Inheritance Tax is applicable on every acquired property in different parts of the world but there are certain exceptions. The UK tax system is acceptable worldwide so it does not matter whether income is generated within or outside the country. It also does not matter whether the property is located within UK or somewhere else. This is applicable for all sorts of taxes from income tax, capital tax or inheritance tax. However, when an overseas property is owned by non-UK domiciled individual the capital gains inheritance tax is not applicable. Such properties are generally referred to as excluded property. In matters related to inheritance tax, the UK’s common law rules check whether the property is located in UK or outside UK.
There are certain relevant issues to be taken into consideration to calculate the tax amount when an individual dies owning a property located overseas. These include– liabilities or other expenses, double taxation, sterling, structure and forced–heirship.
Liabilities or other expenses: If the overseas property is in the form of real estate then it might be subject to mortgage. There are two consequences related to it. Firstly, the inherited tax liability assigned to property on death is reduced and secondly the non–UK domiciled individuals cannot reduce their UK property by liabilities incurred overseas.
The expenses related to administering overseas property or realising overseas property is deducted while calculating the value of the property.

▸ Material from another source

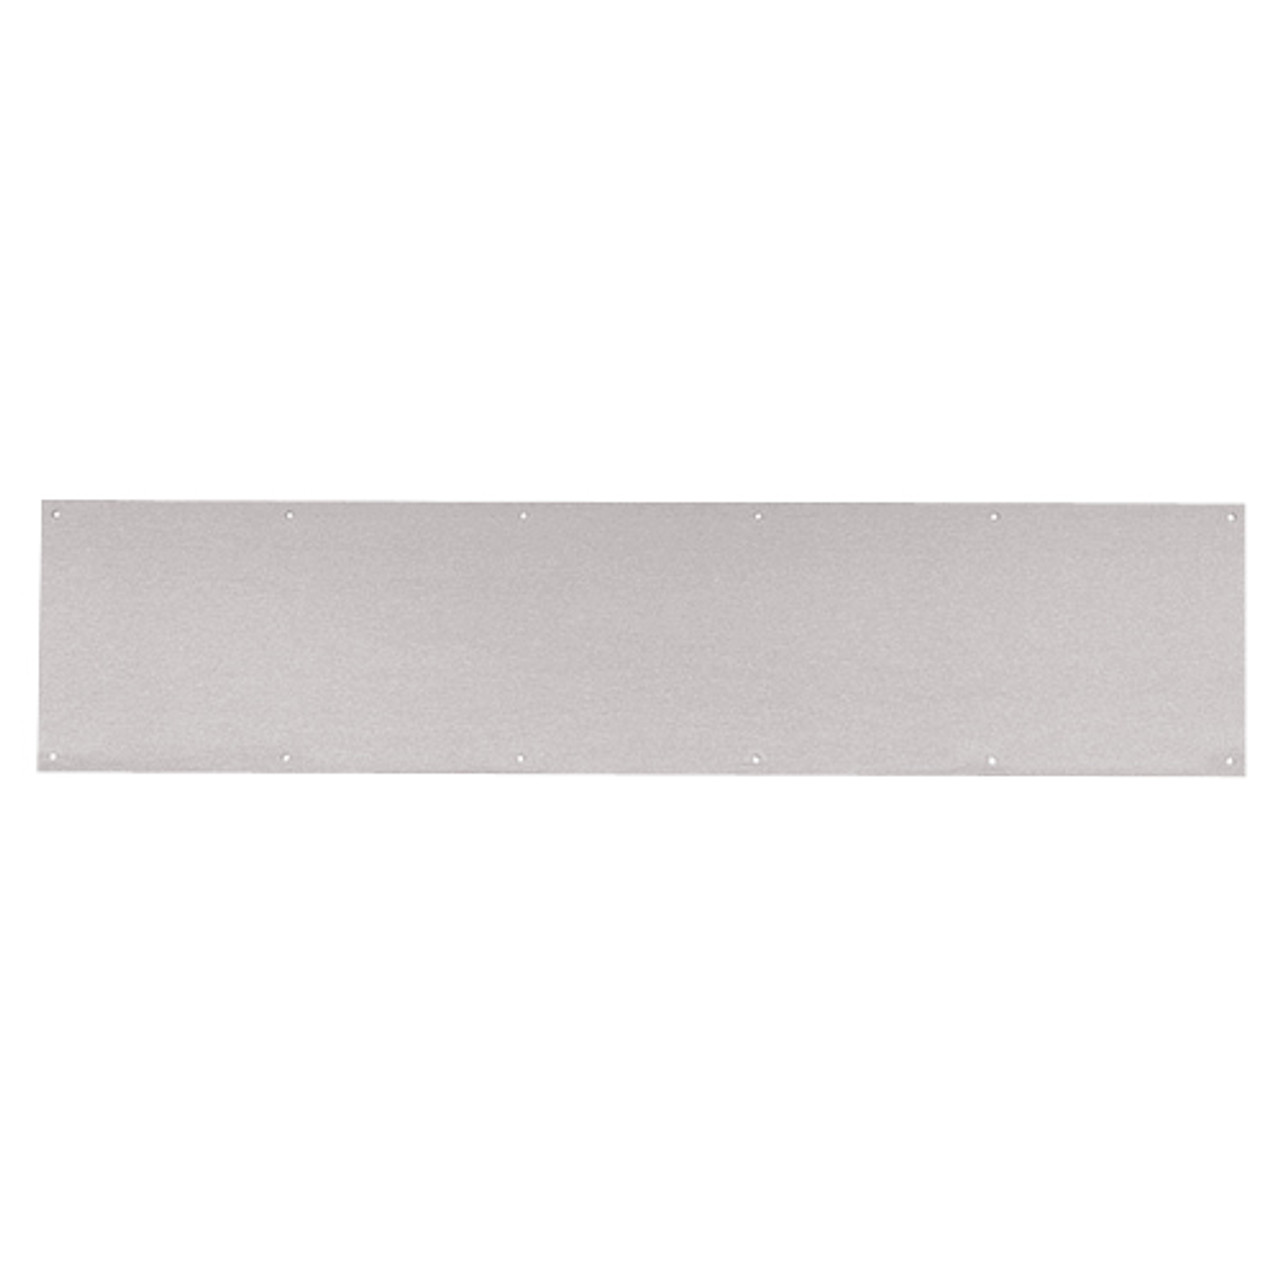 8400-US32D-36x45-B-CS Ives 8400 Series Protection Plate in Satin Stainless Steel

Double Taxation: Many people residing in UK and possessing overseas property have to bear equivalent tax amount imposed by the country in which the property is located. Such charges can be avoided through double taxation. The form of relief is almost same under either option and allows an offset against any sort of UK tax payment in overseas country.
Sterling: Inherited Tax is computed in sterling. Changes in the foreign currency and sterling should be taken into account. If there is a depreciation of sterling there will be a rise in the tax amount.
Forced Heirship: Certain countries have this concept but it is not present in English law. The will of a UK domiciled individual might leave a French home to his or her spouse. This is a case of inter-spouse transfer without the imposition of any UK inheritance tax.
Structure: Double tax relief in theory removes the double tax charges on the same property for inherited tax purpose. At times it is preferable to own overseas property with the help of intermediate vehicle. This will remove not only overseas inherited tax charge but circumnavigate any form of forced heirship law. Application of trusts will help in structuring overseas property ownership.
Resolve the problems related to foreign currency and successions to avoid inheritance tax amount on overseas property.